- THE DATA

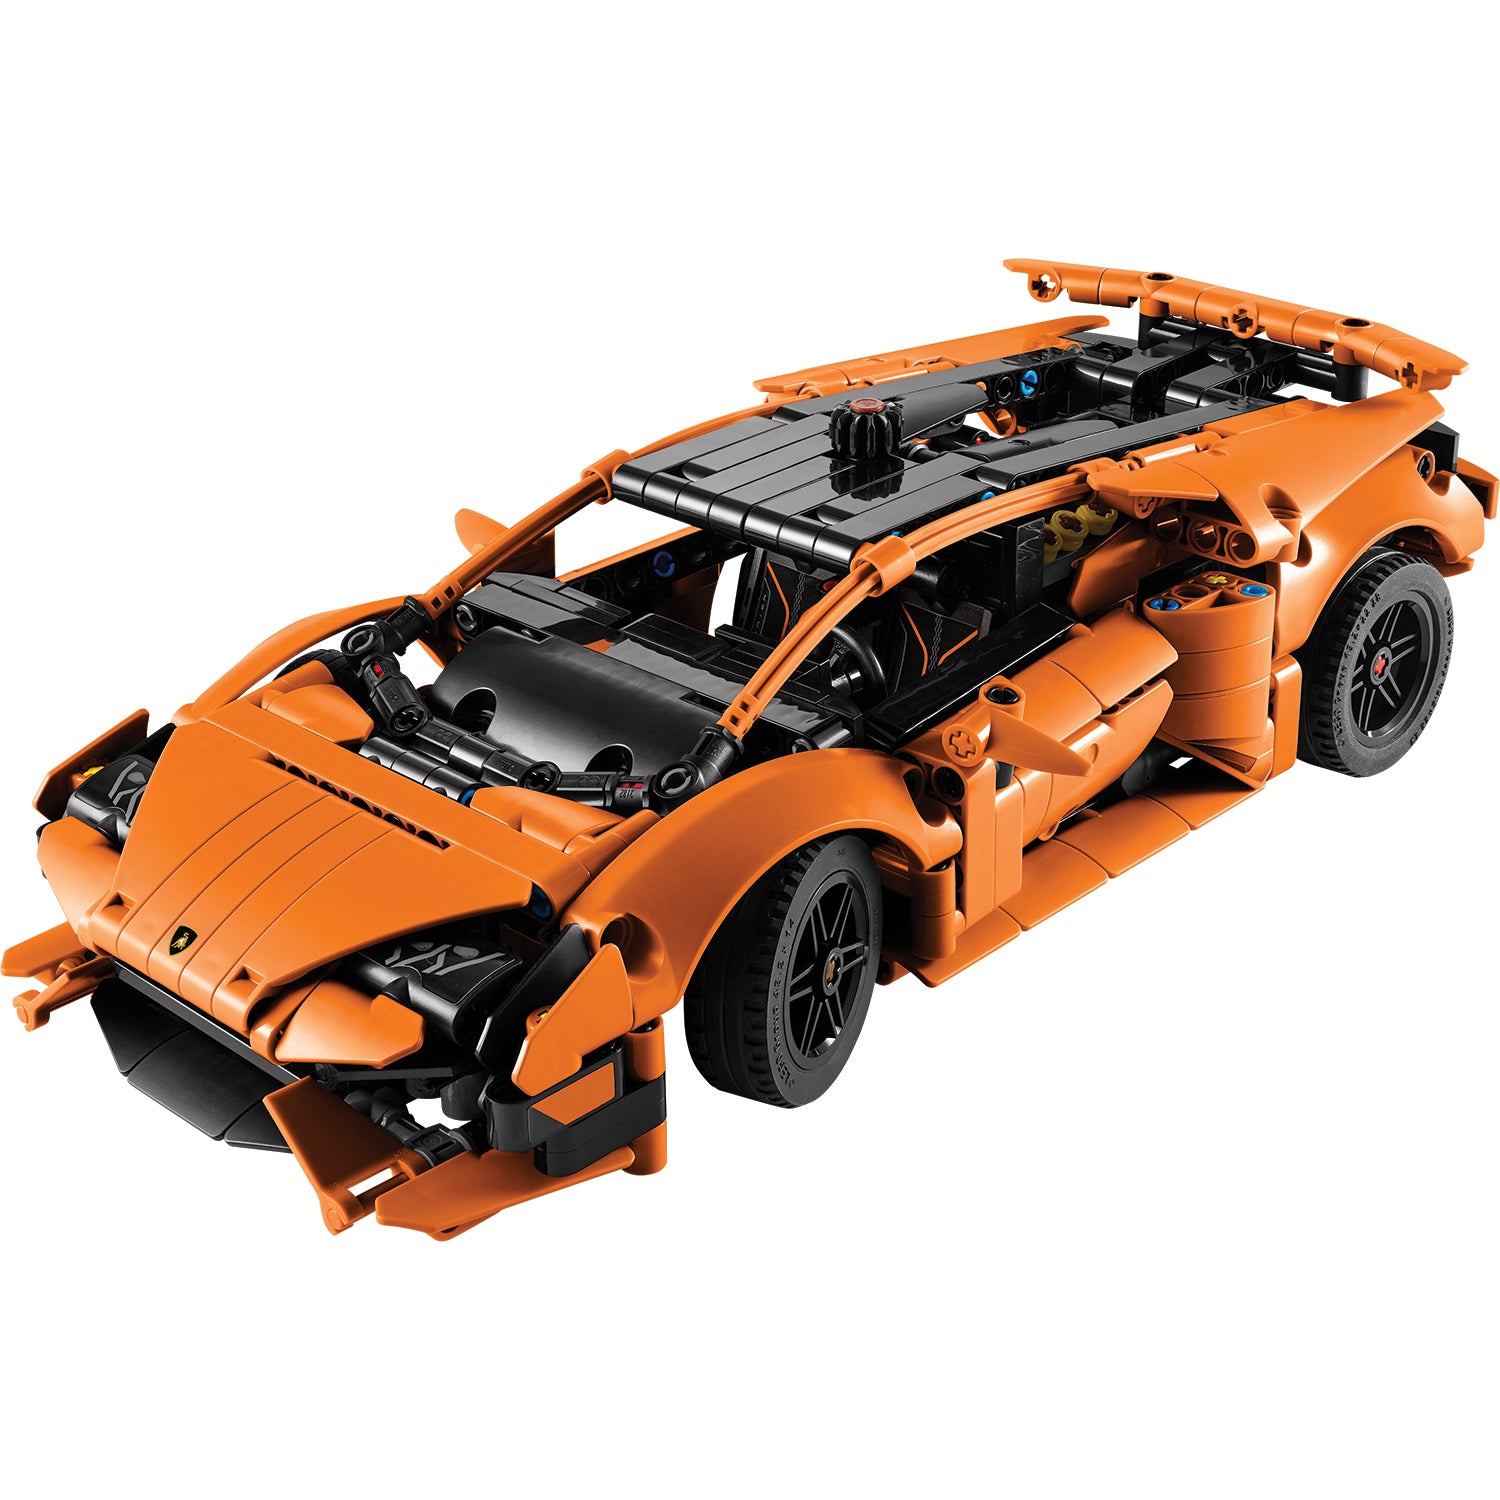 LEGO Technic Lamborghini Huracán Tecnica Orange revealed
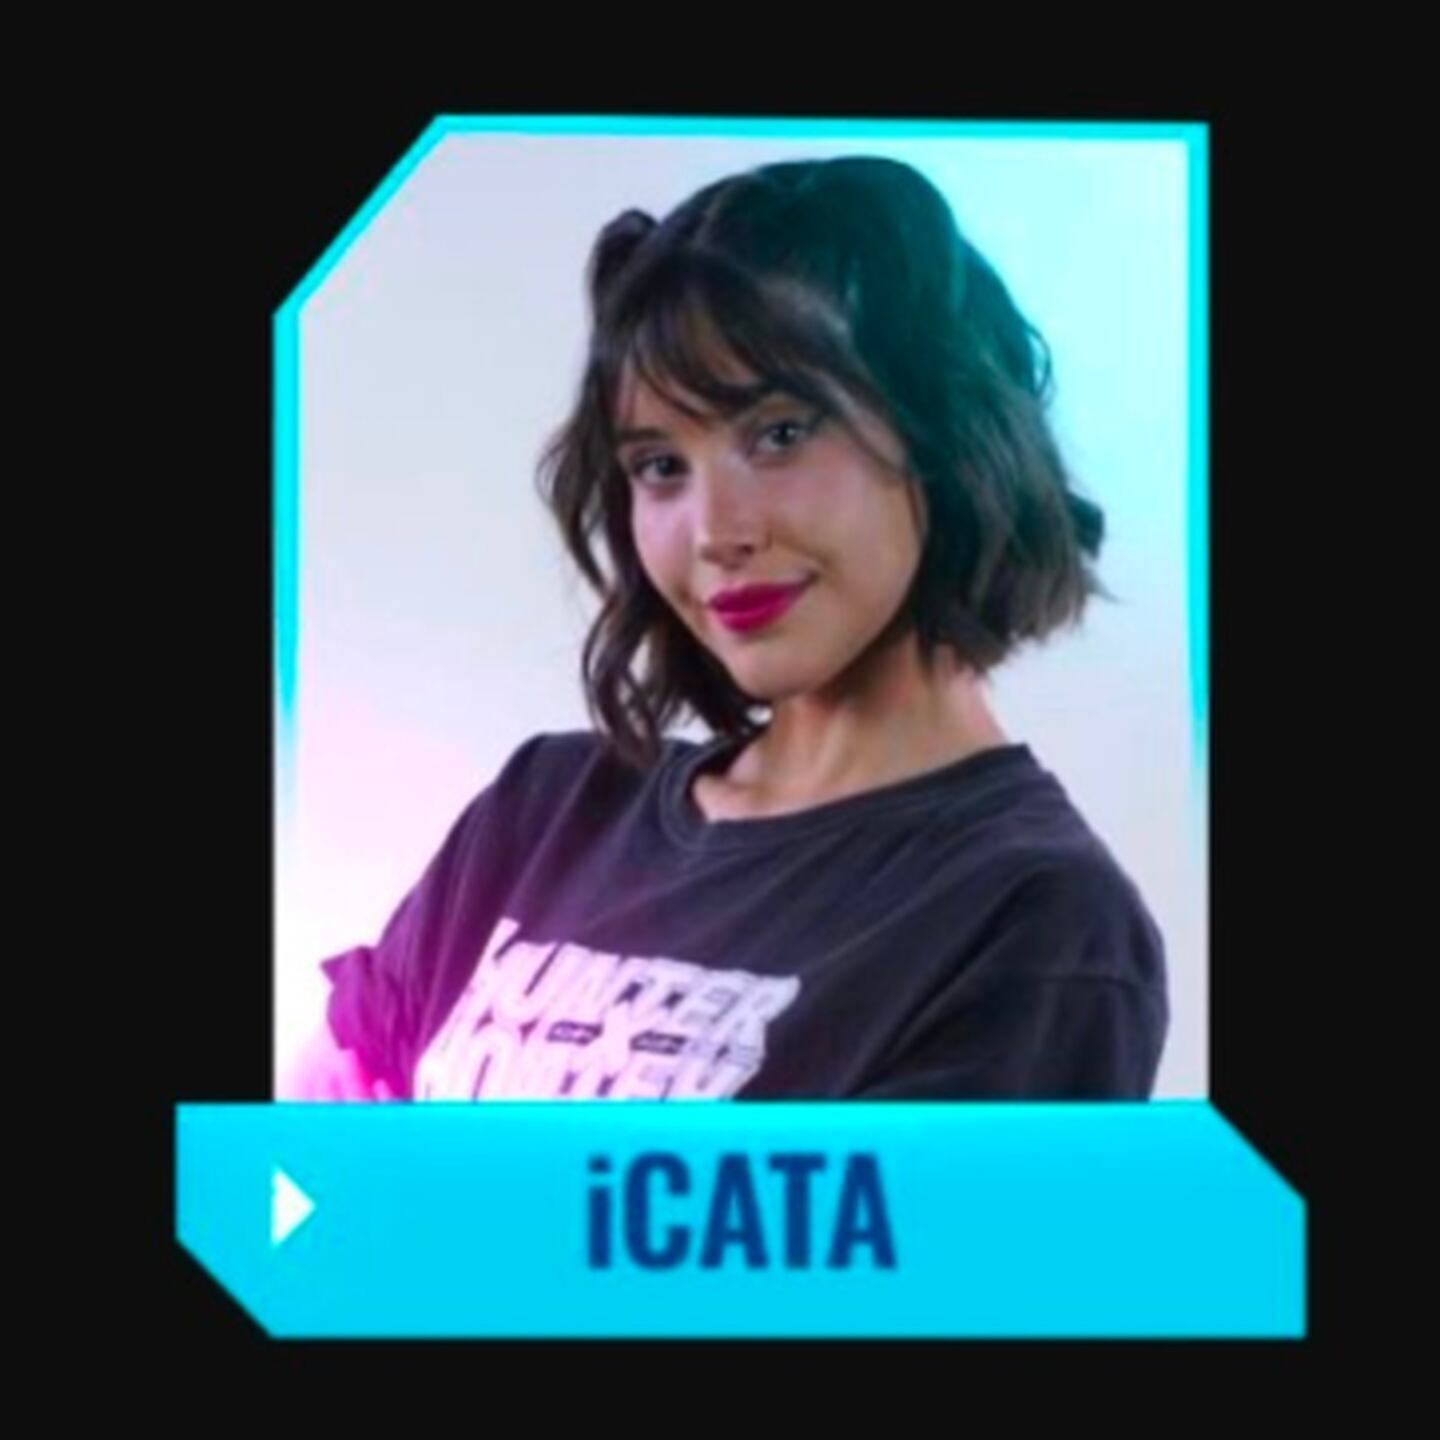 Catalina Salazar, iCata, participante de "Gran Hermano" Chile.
--
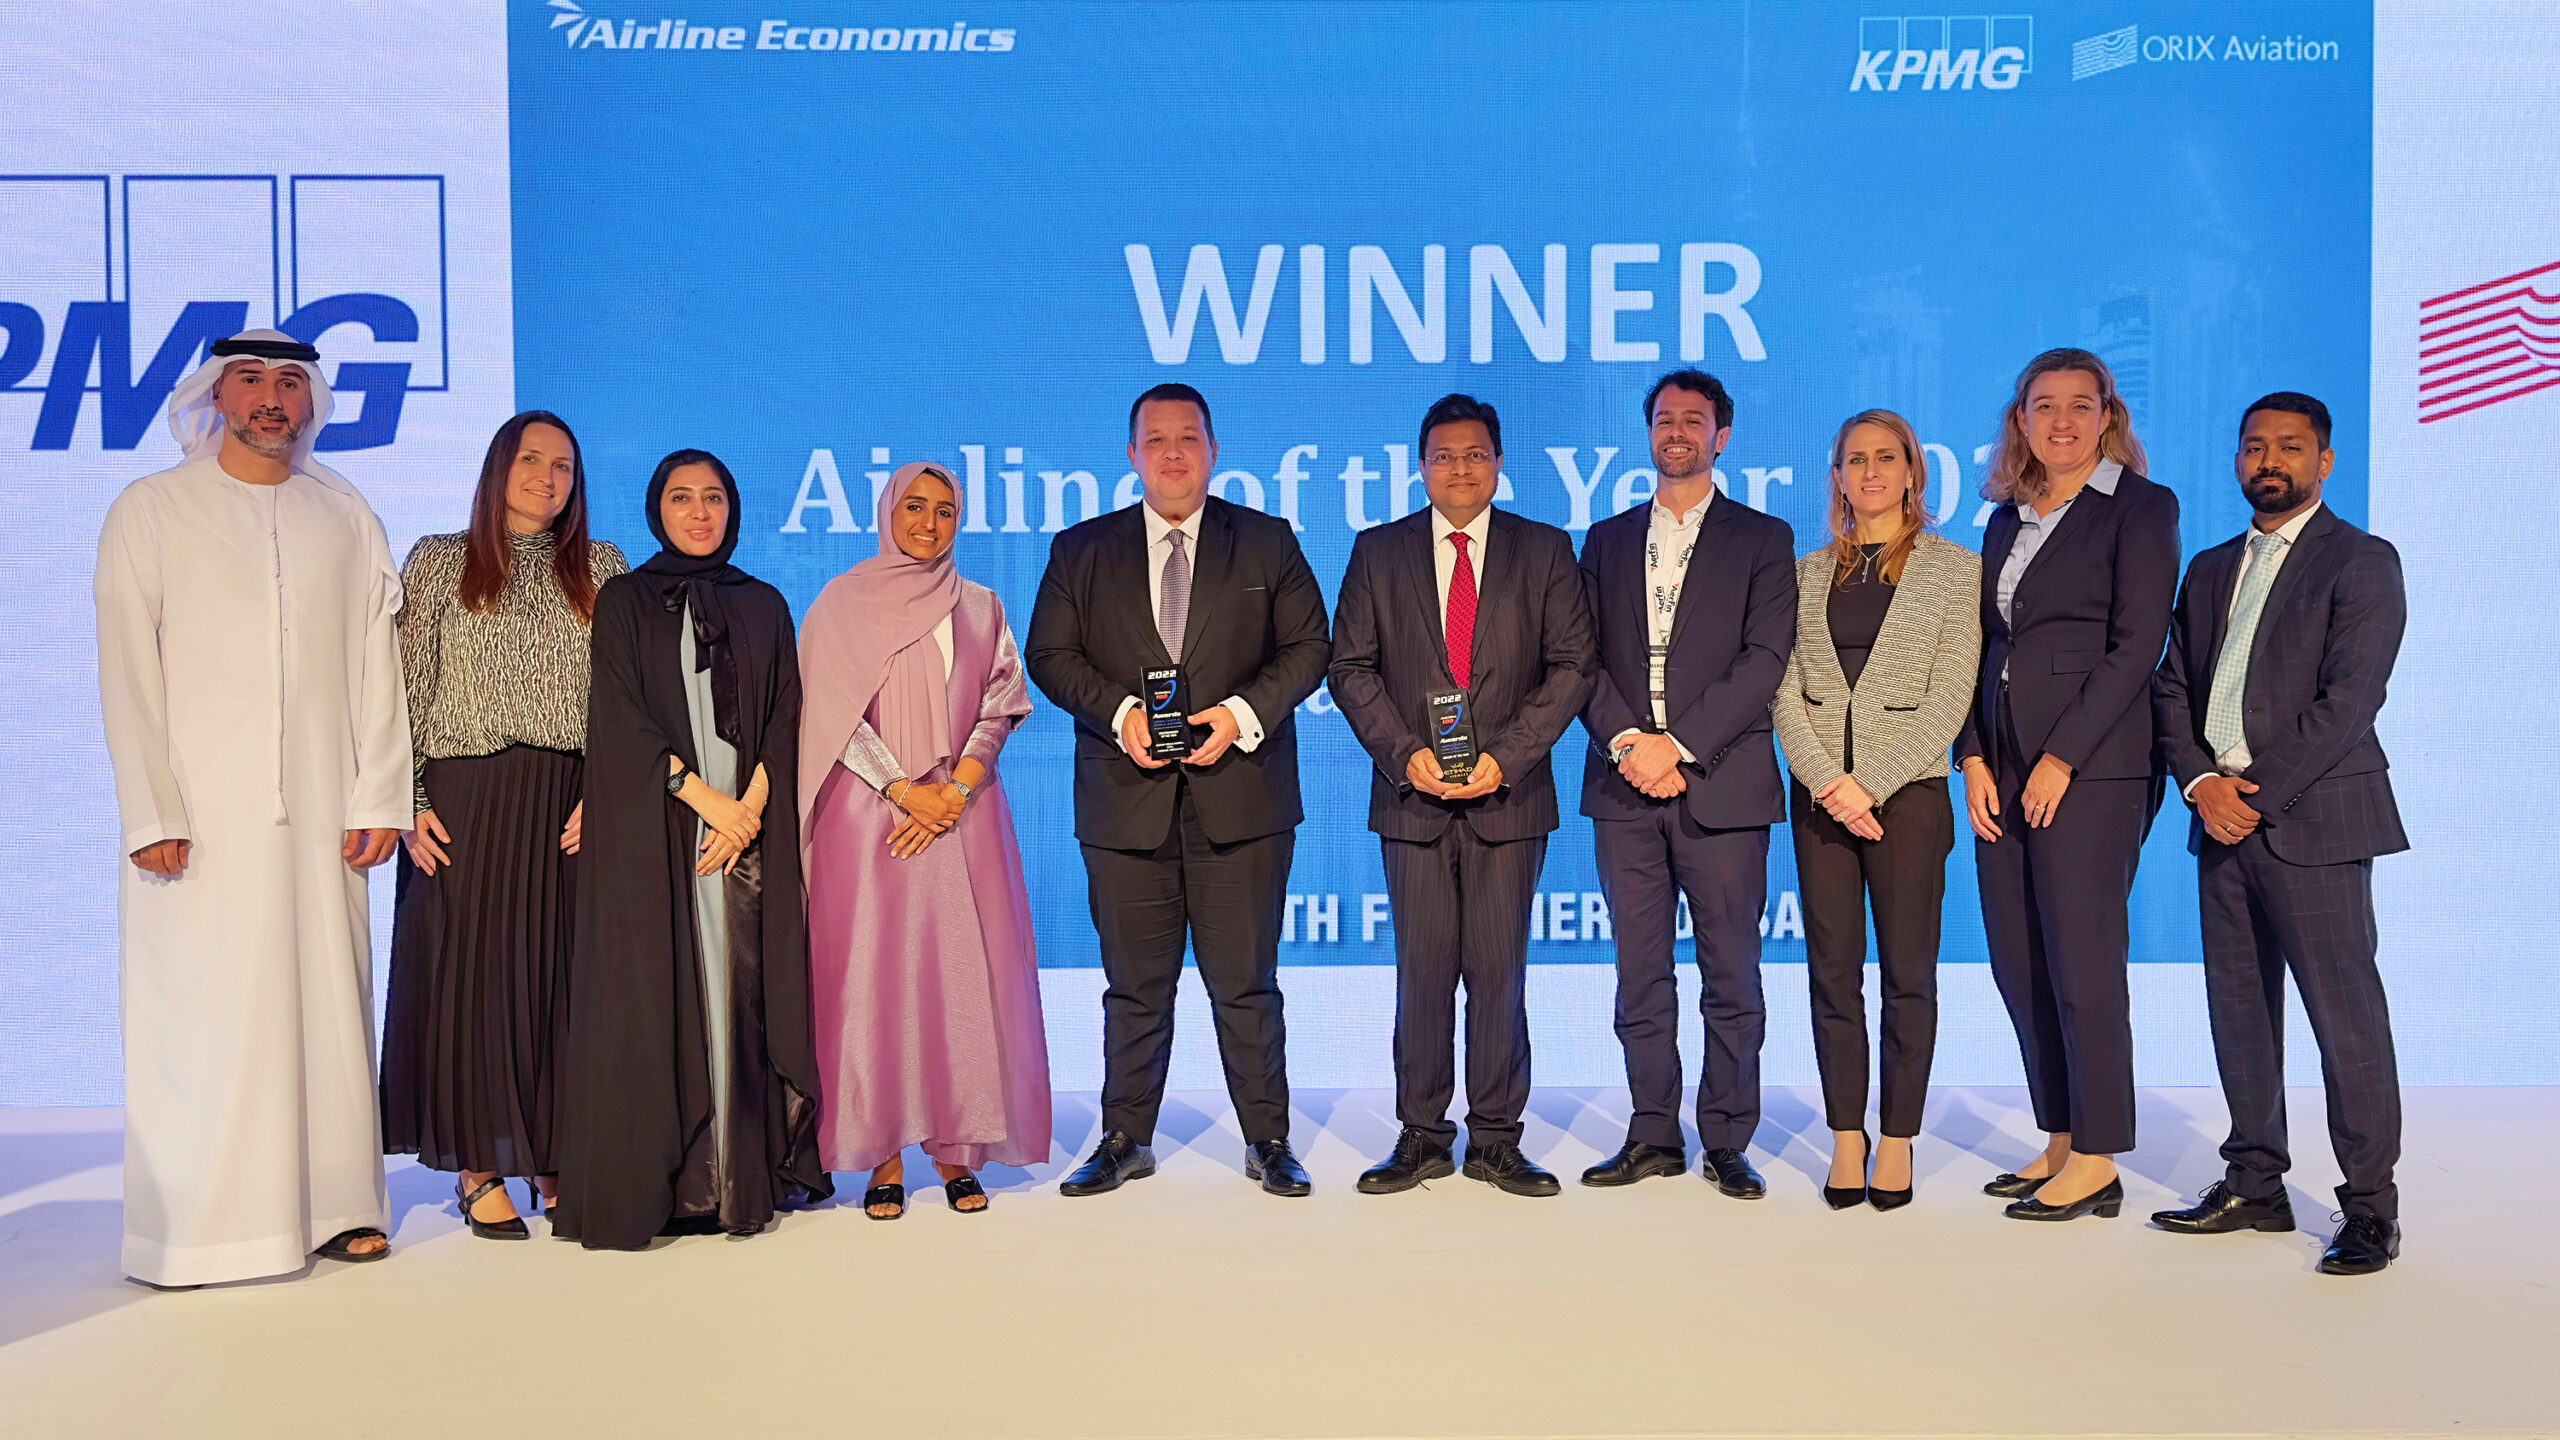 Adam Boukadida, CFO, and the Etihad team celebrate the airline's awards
==
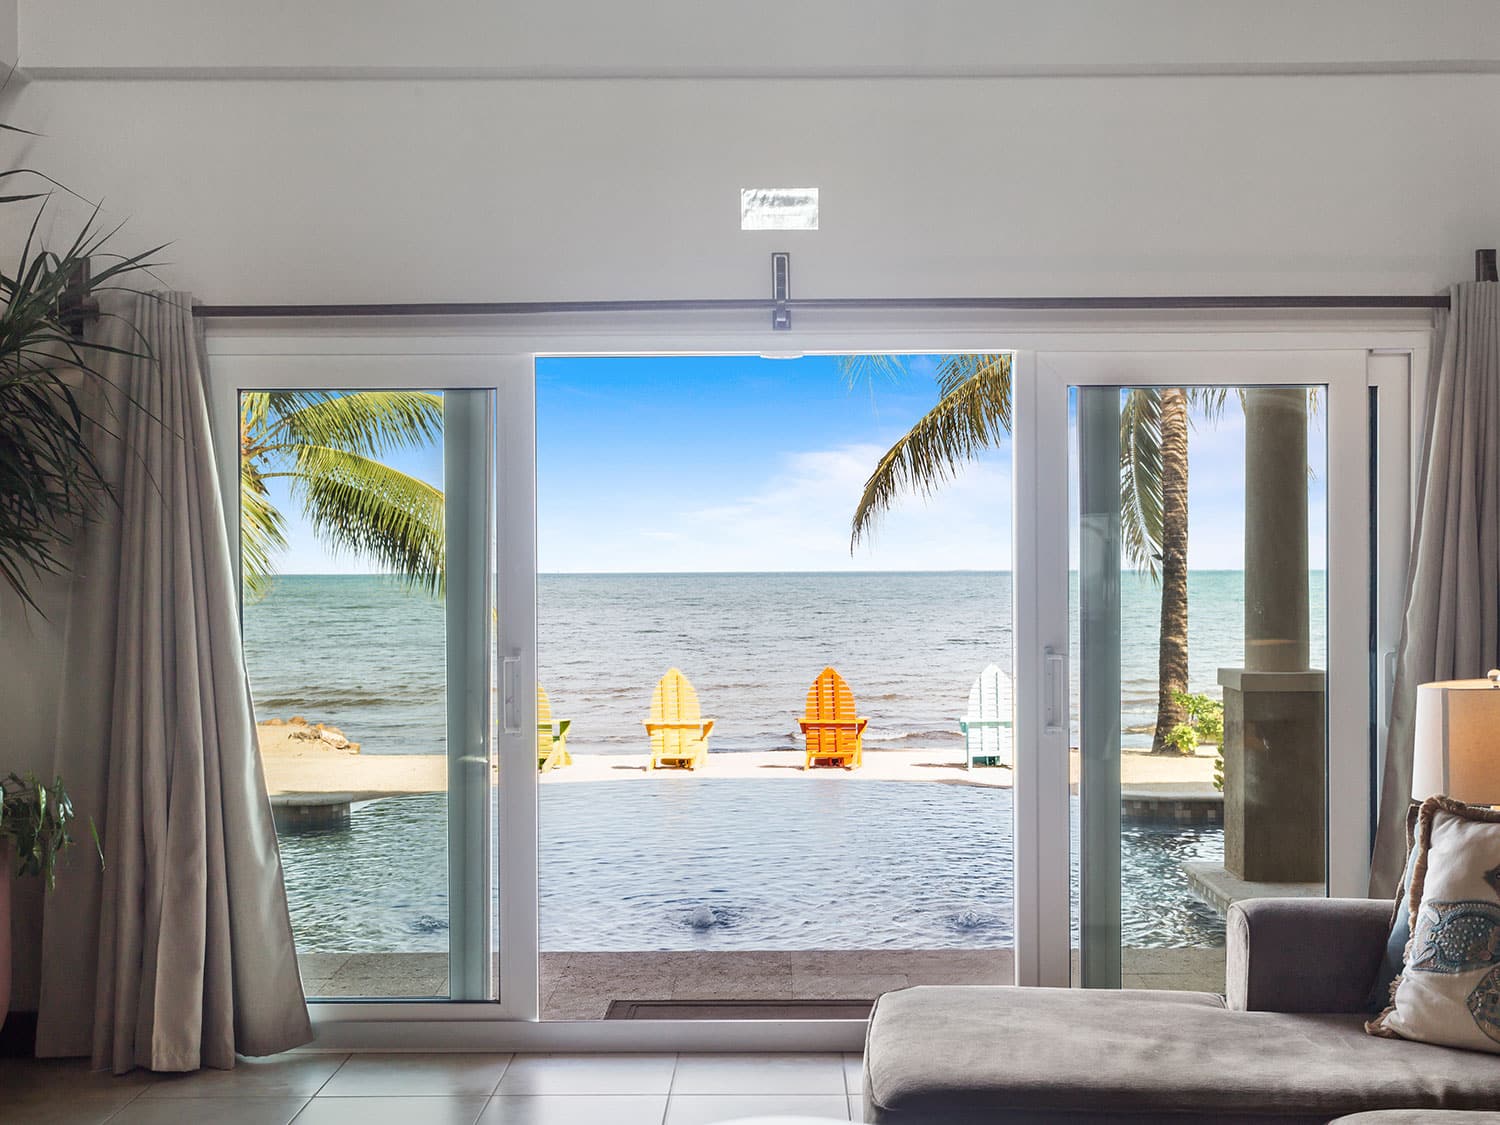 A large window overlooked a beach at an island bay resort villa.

- WORK INSTRUCTIONS
Only the lines of the listing above from the one with "LEGO Technic Lamborghini" through the one with "Catalina Salazar, iCata, participante" should be output, exactly, with both ends kept and pictures left out.

- EXERCISE SOLUTION
 LEGO Technic Lamborghini Huracán Tecnica Orange revealed
 Catalina Salazar, iCata, participante de "Gran Hermano" Chile.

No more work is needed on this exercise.